## TASK REQUIREMENTS
When the data below is printed, every line must match exactly and the images must be absent.

## DATASET EXCERPT
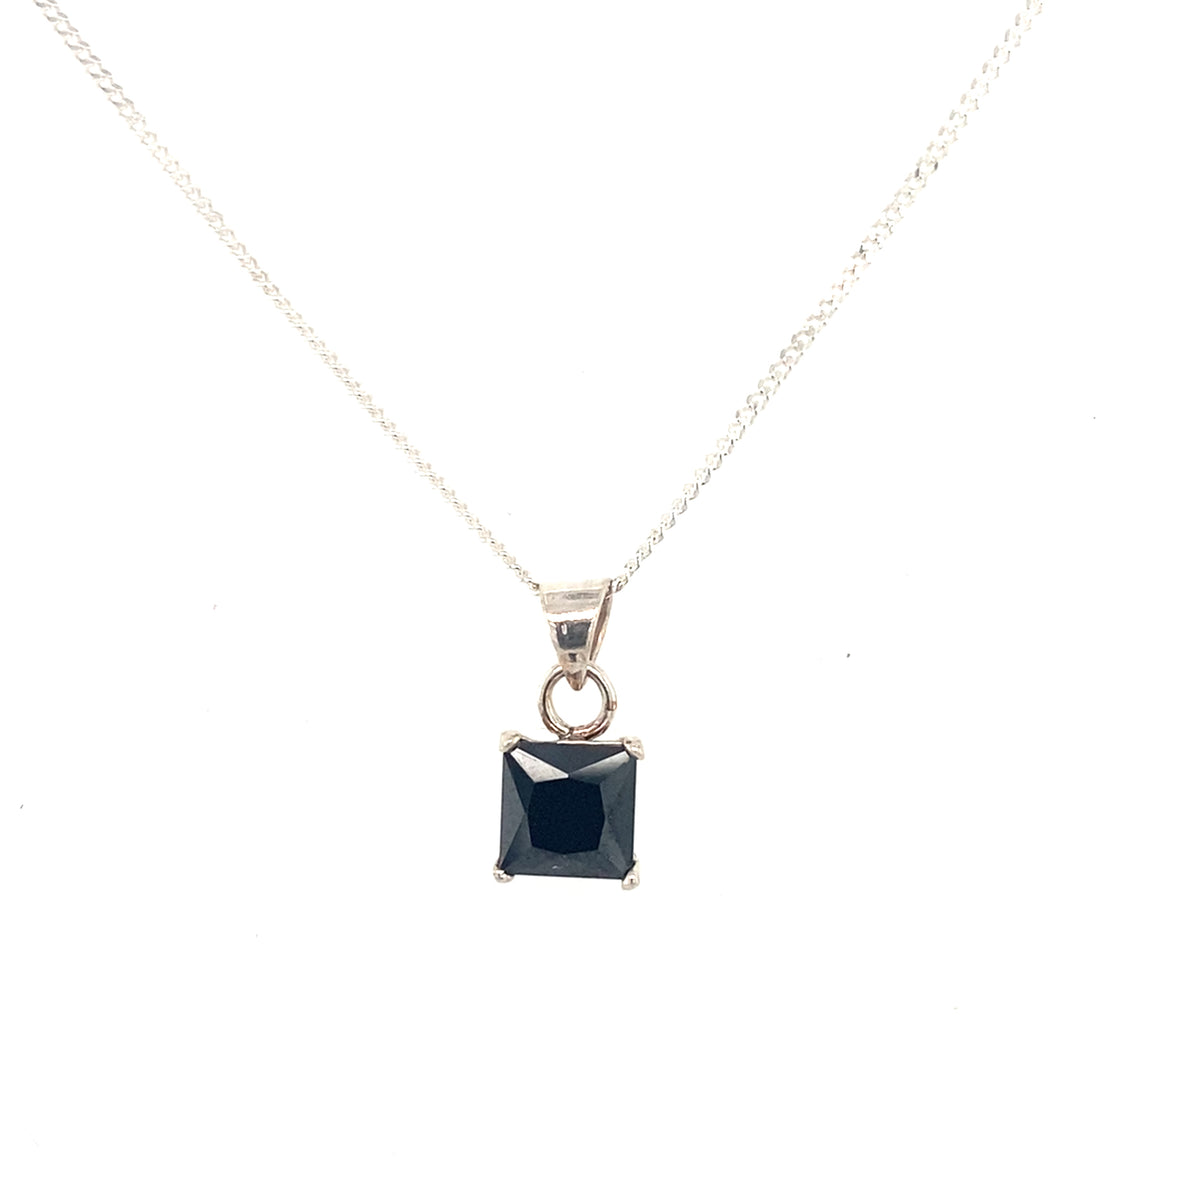 Sterling Silver Pendant with a Black Square Stone
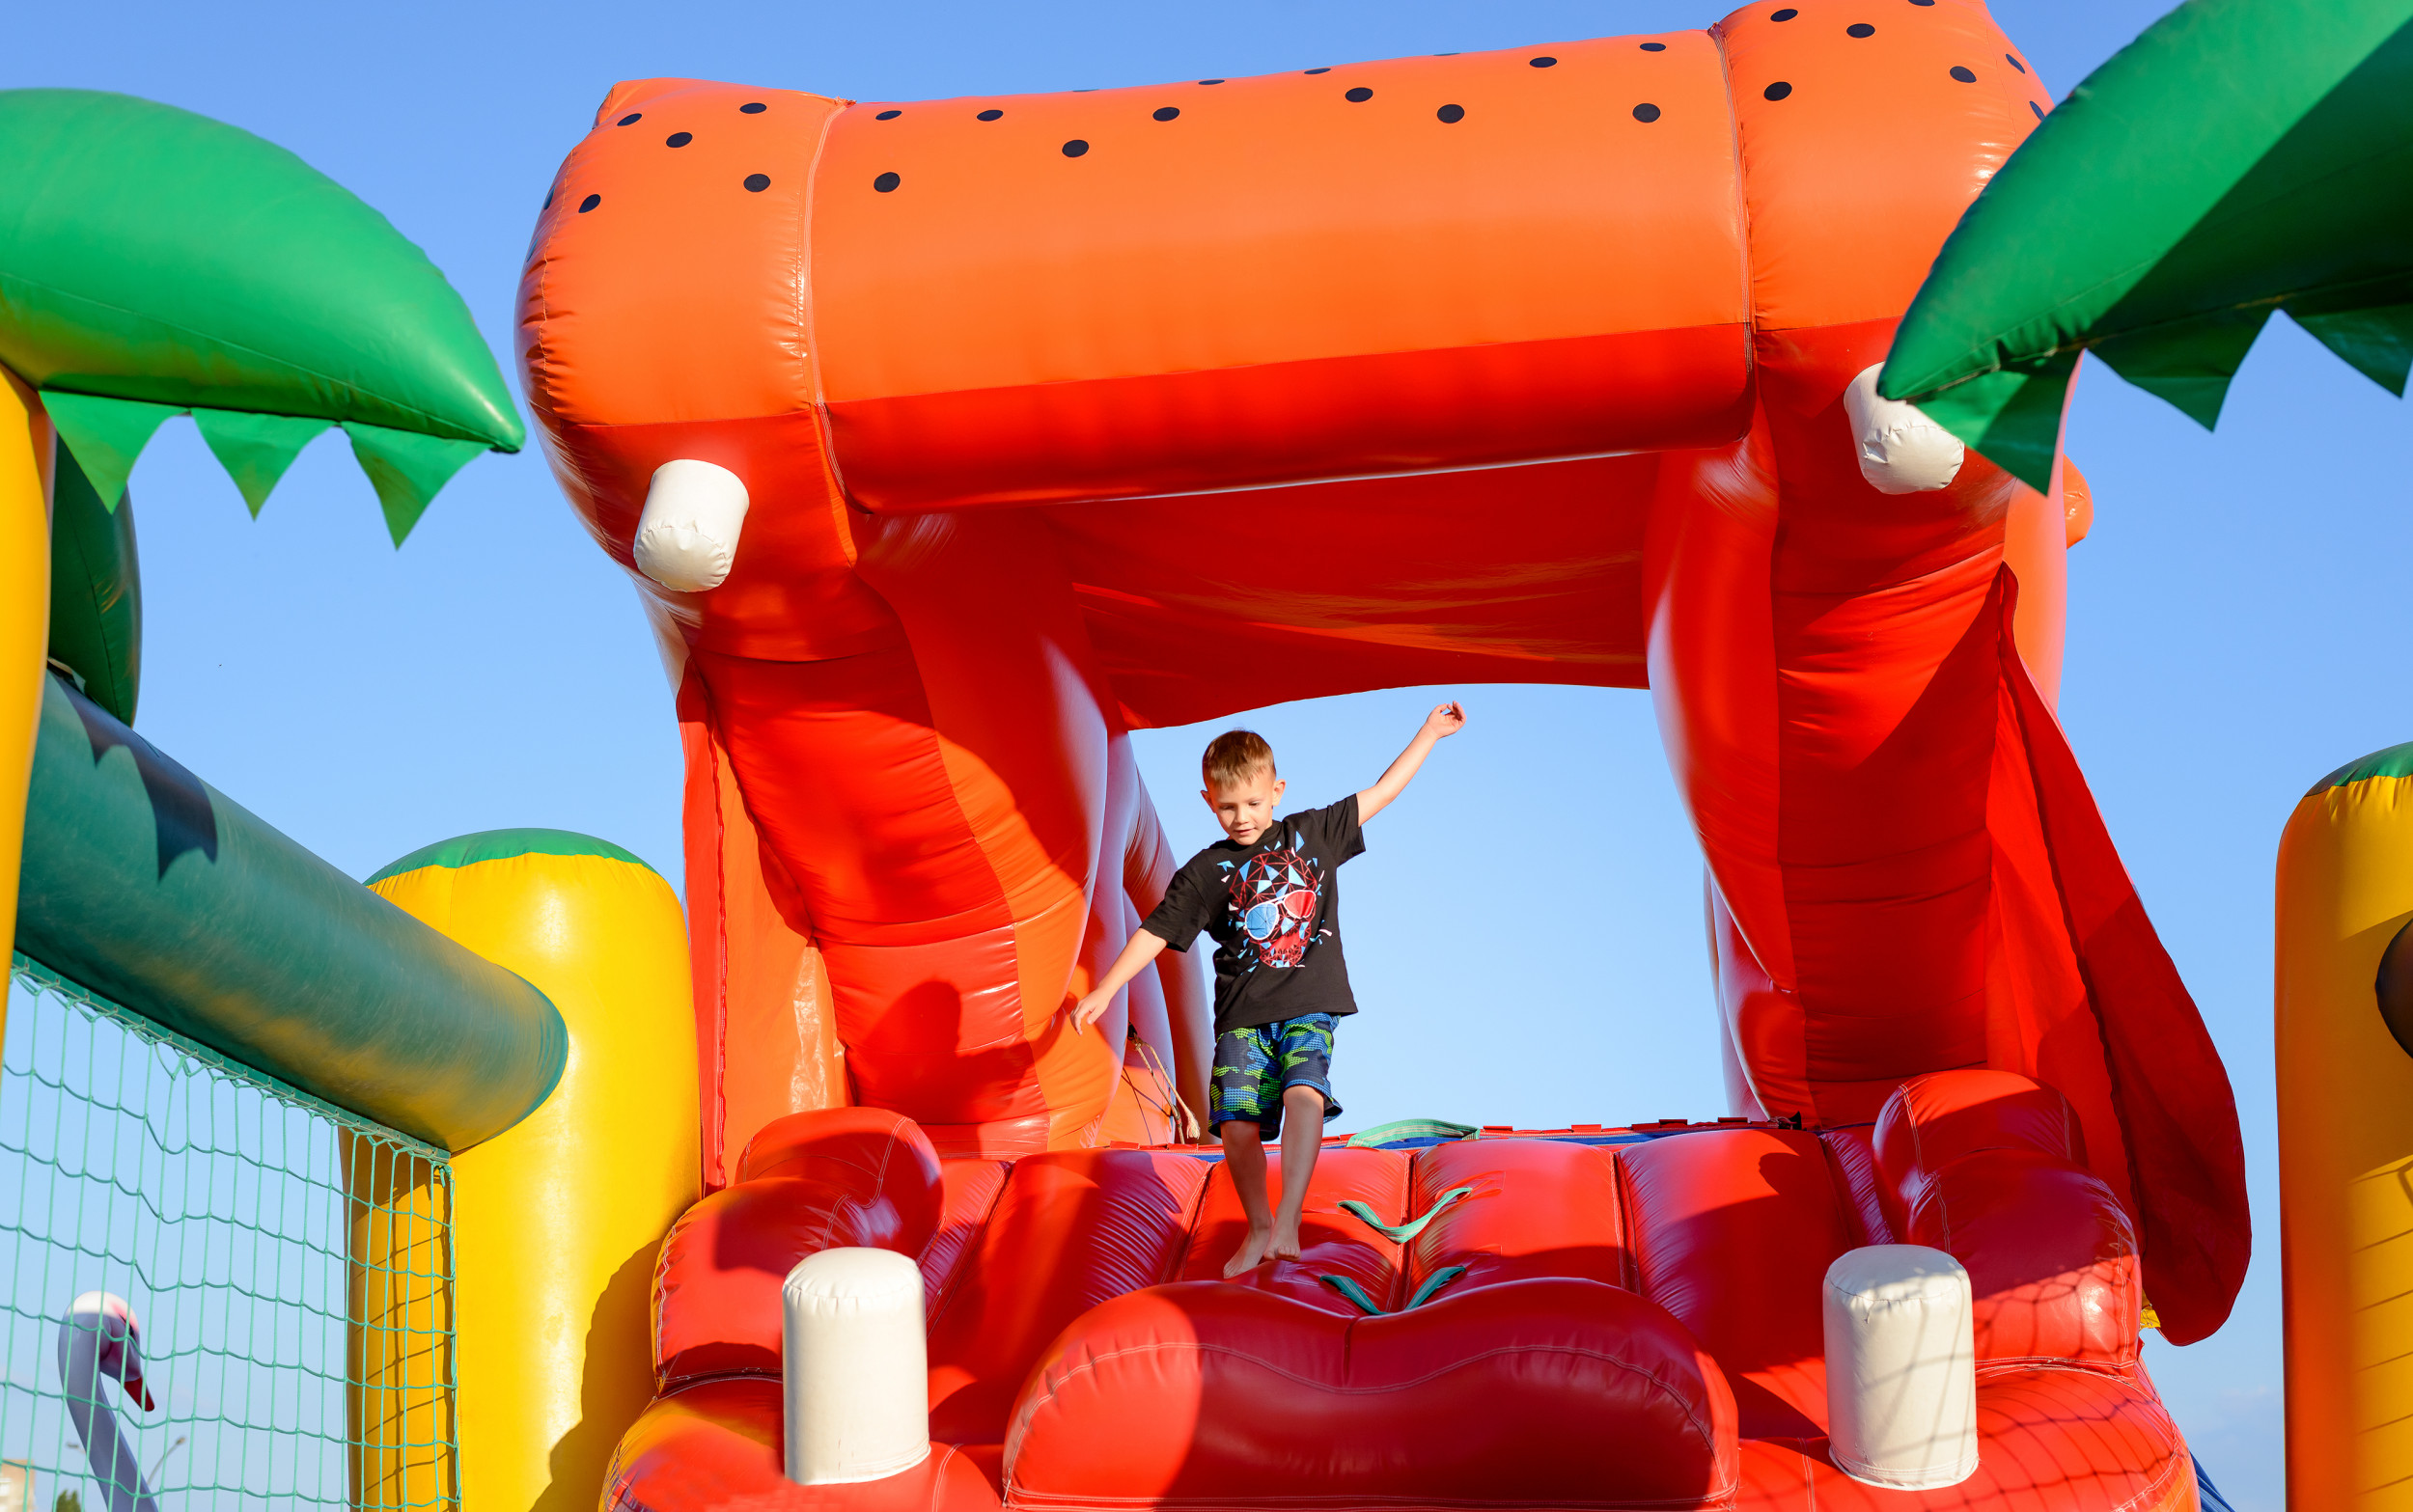 Neighbor Backed for Not Inviting 'Screaming' Girl To Bounce House Party
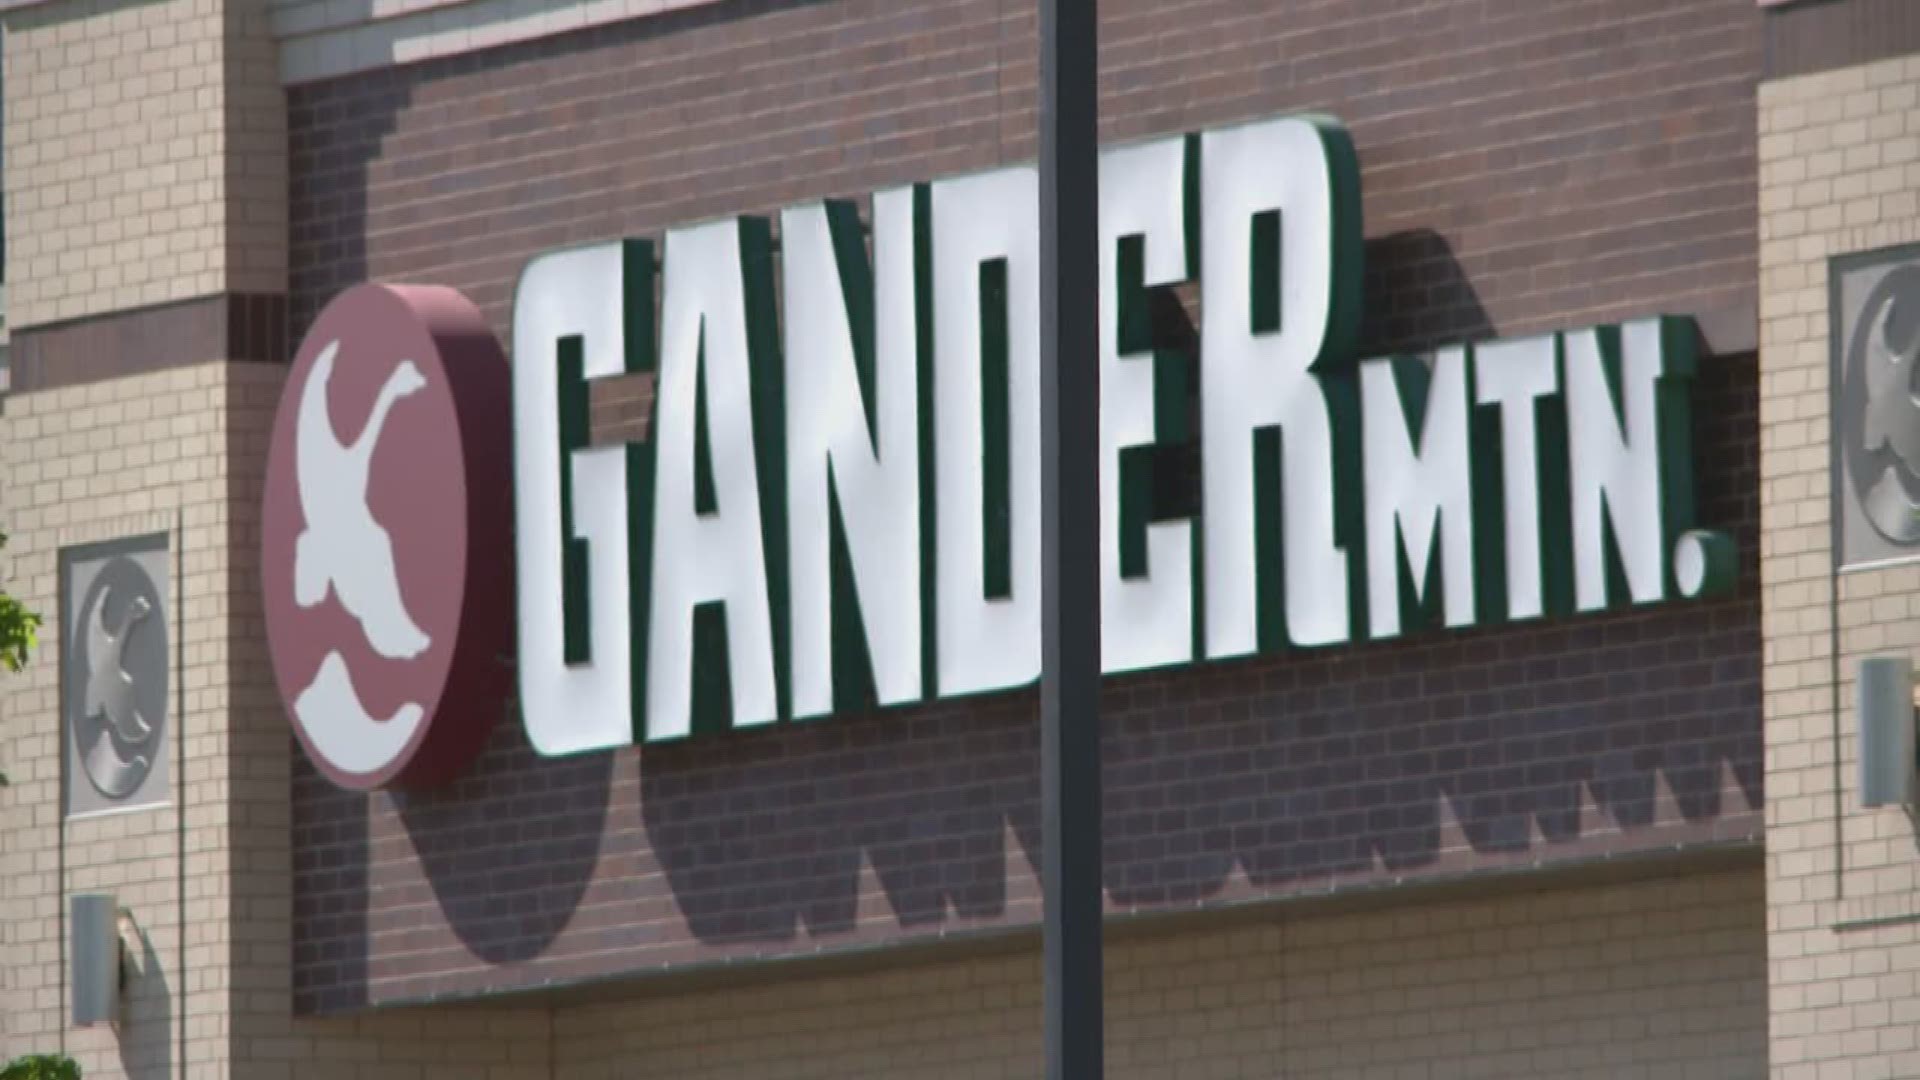 Confusion over whether the outdoor retailer Gander Mountain is going out of business.

## ANSWER TO THE PROBLEM
 Sterling Silver Pendant with a Black Square Stone
 Neighbor Backed for Not Inviting 'Screaming' Girl To Bounce House Party
 Confusion over whether the outdoor retailer Gander Mountain is going out of business.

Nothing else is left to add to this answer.